» Your objective
All the data should be repeated exactly. Any image in it is left out.
##### Given information #####
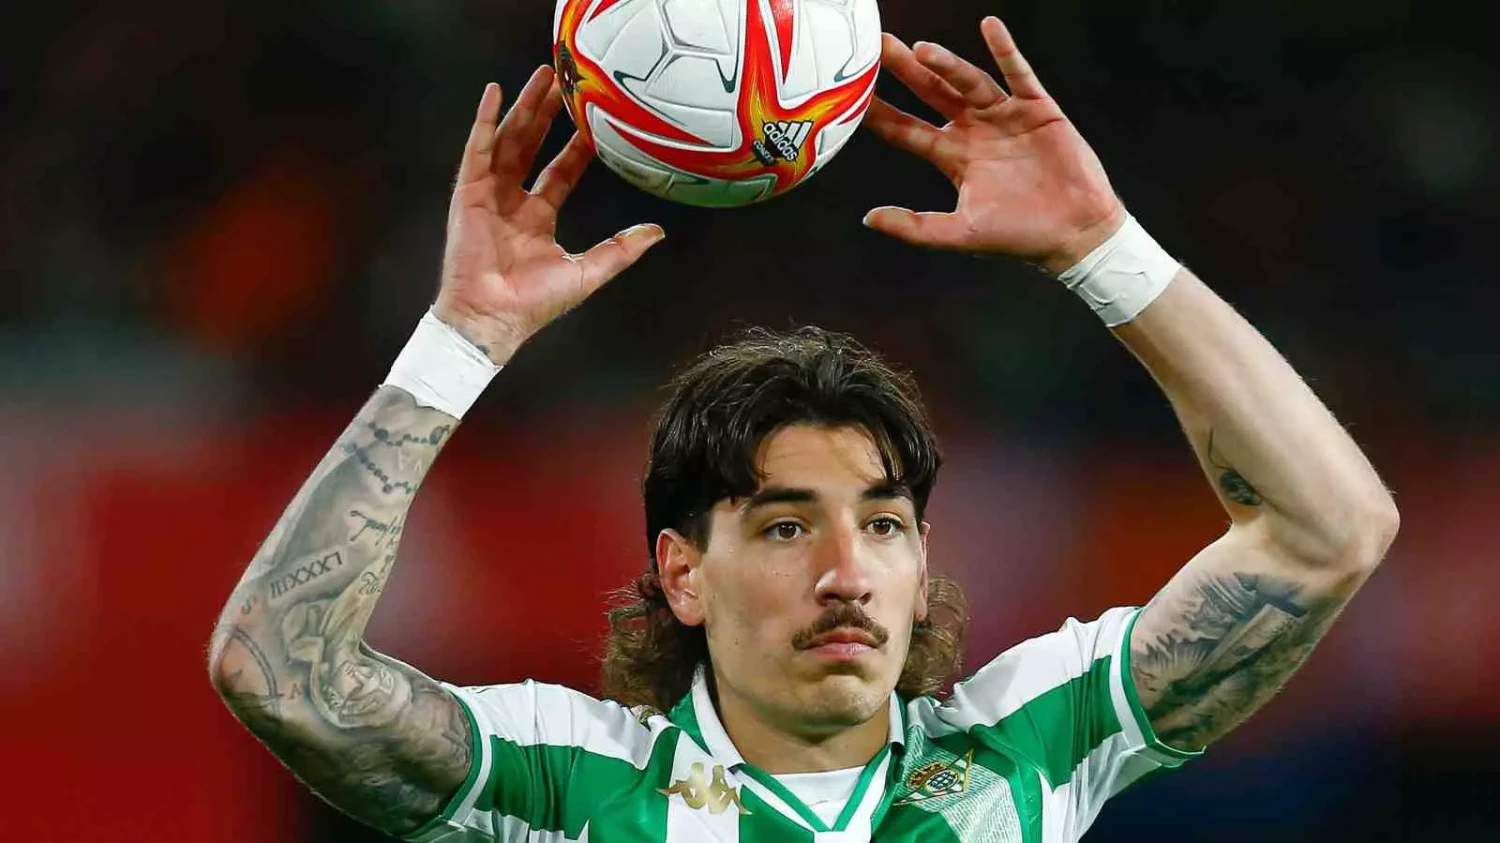 Barcelona re-sign Hector Bellerin after Arsenal contract termination - ESPN
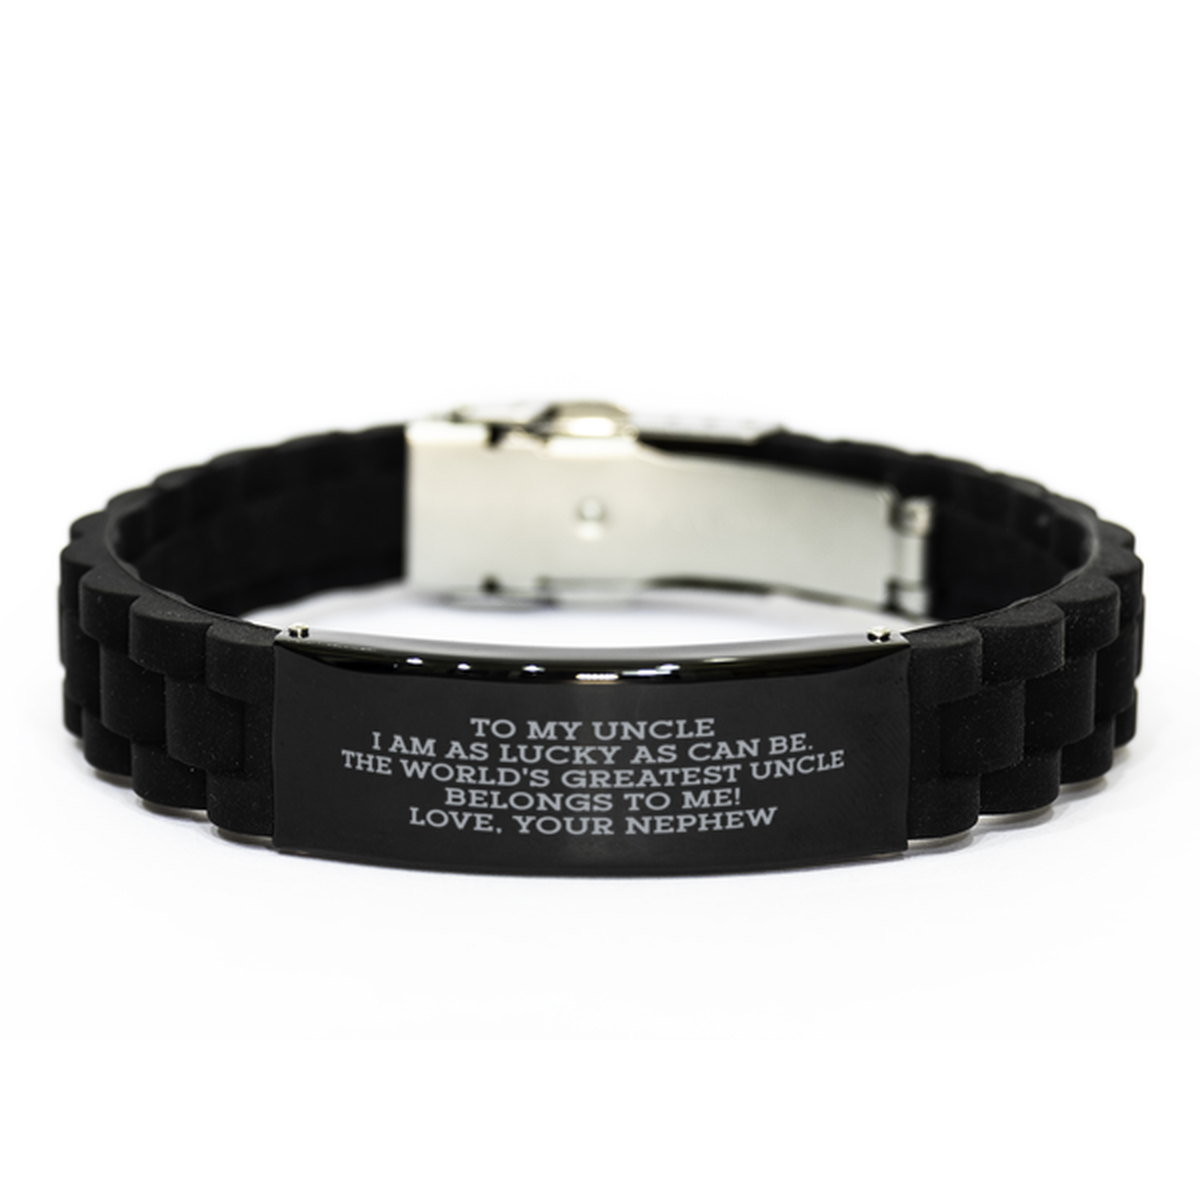 To My Uncle Black Bracelet, World's Greatest Uncle Belongs To Me, Fathers Day Gifts For Uncle From Nephew, Birthday Gifts For Men
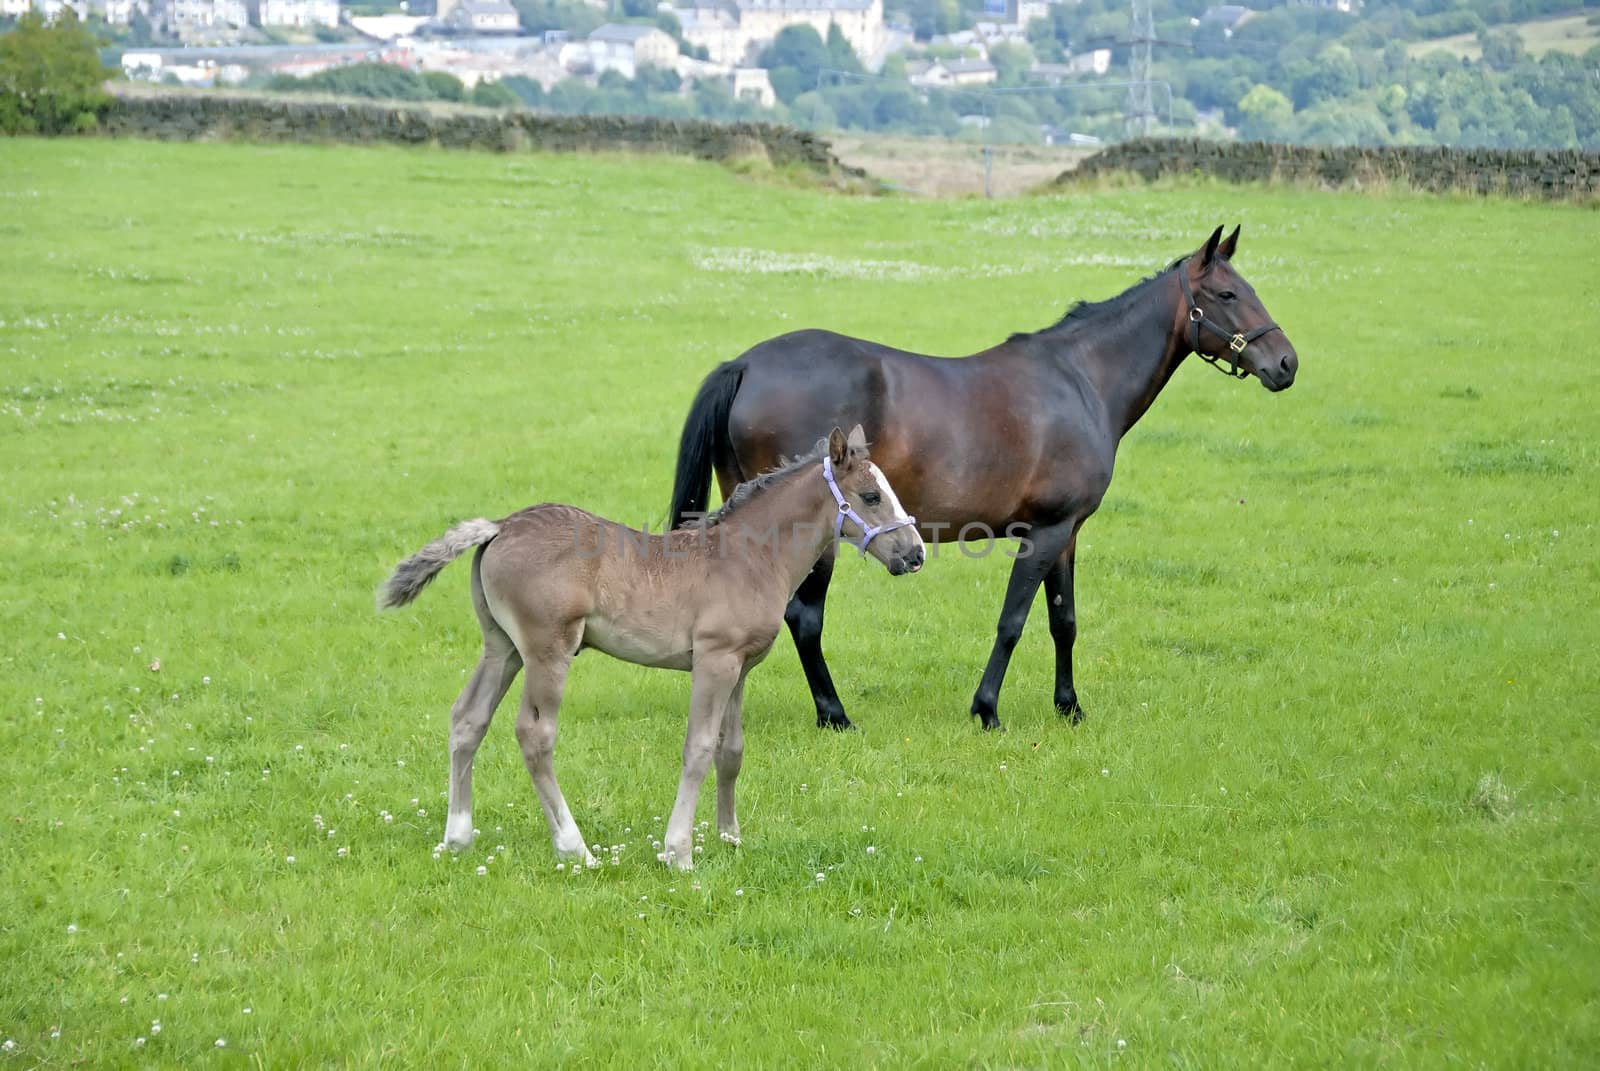 Chestnut Mare and Foal by d40xboy
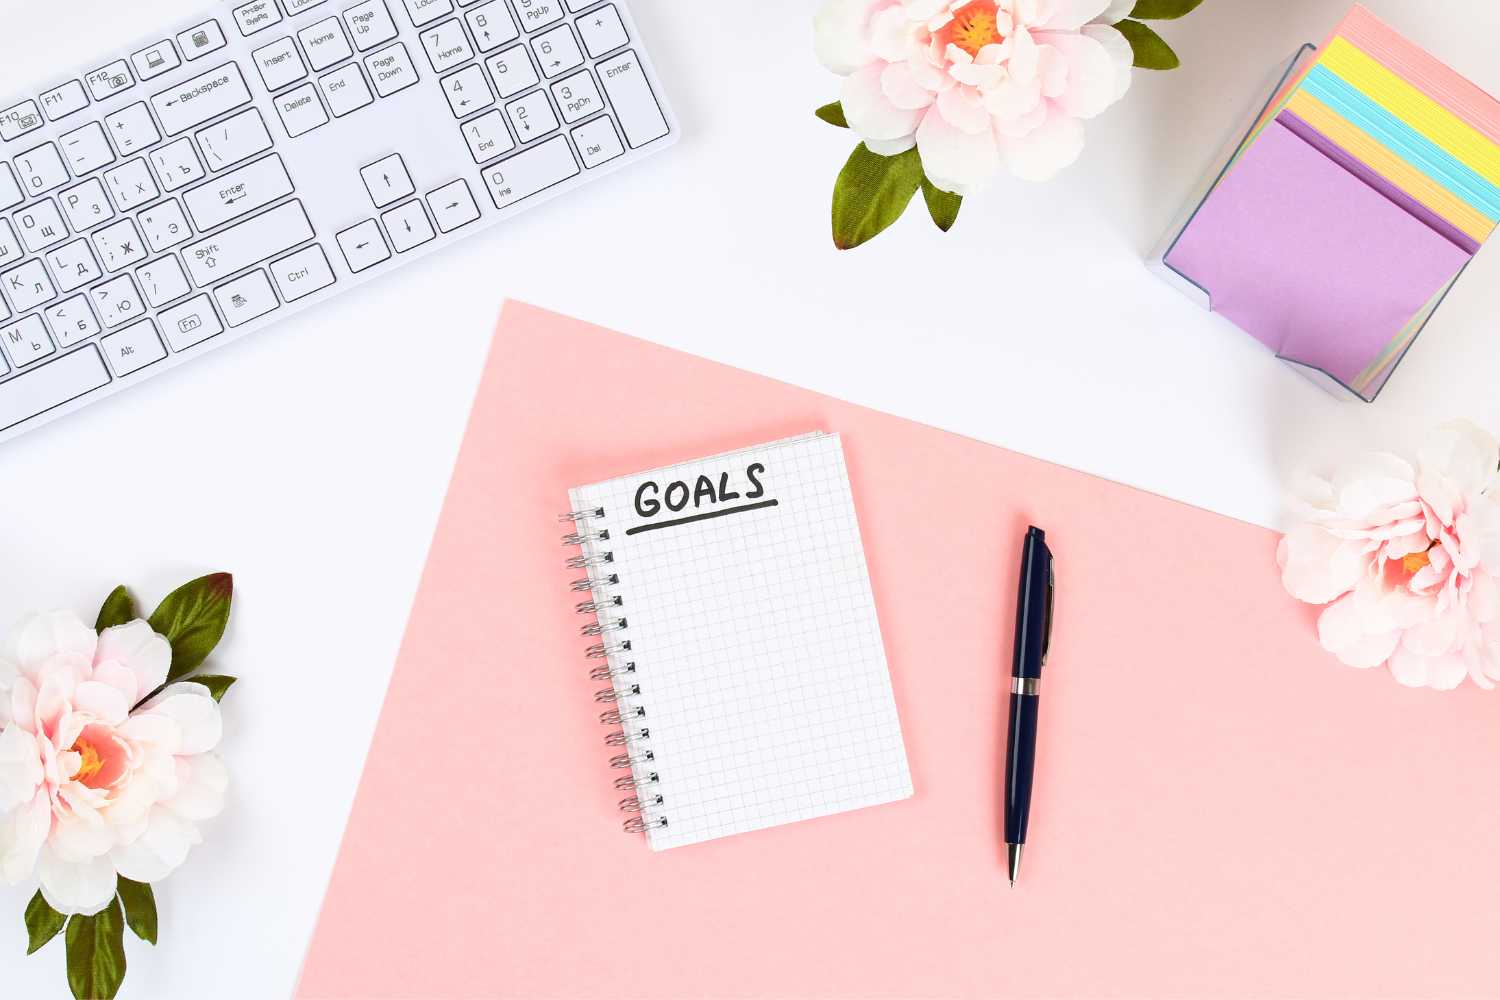 Get my top goal setting tips for high-achieving women.
#####
» Answer box
 Barcelona re-sign Hector Bellerin after Arsenal contract termination - ESPN
 To My Uncle Black Bracelet, World's Greatest Uncle Belongs To Me, Fathers Day Gifts For Uncle From Nephew, Birthday Gifts For Men
 Chestnut Mare and Foal by d40xboy
 Get my top goal setting tips for high-achieving women.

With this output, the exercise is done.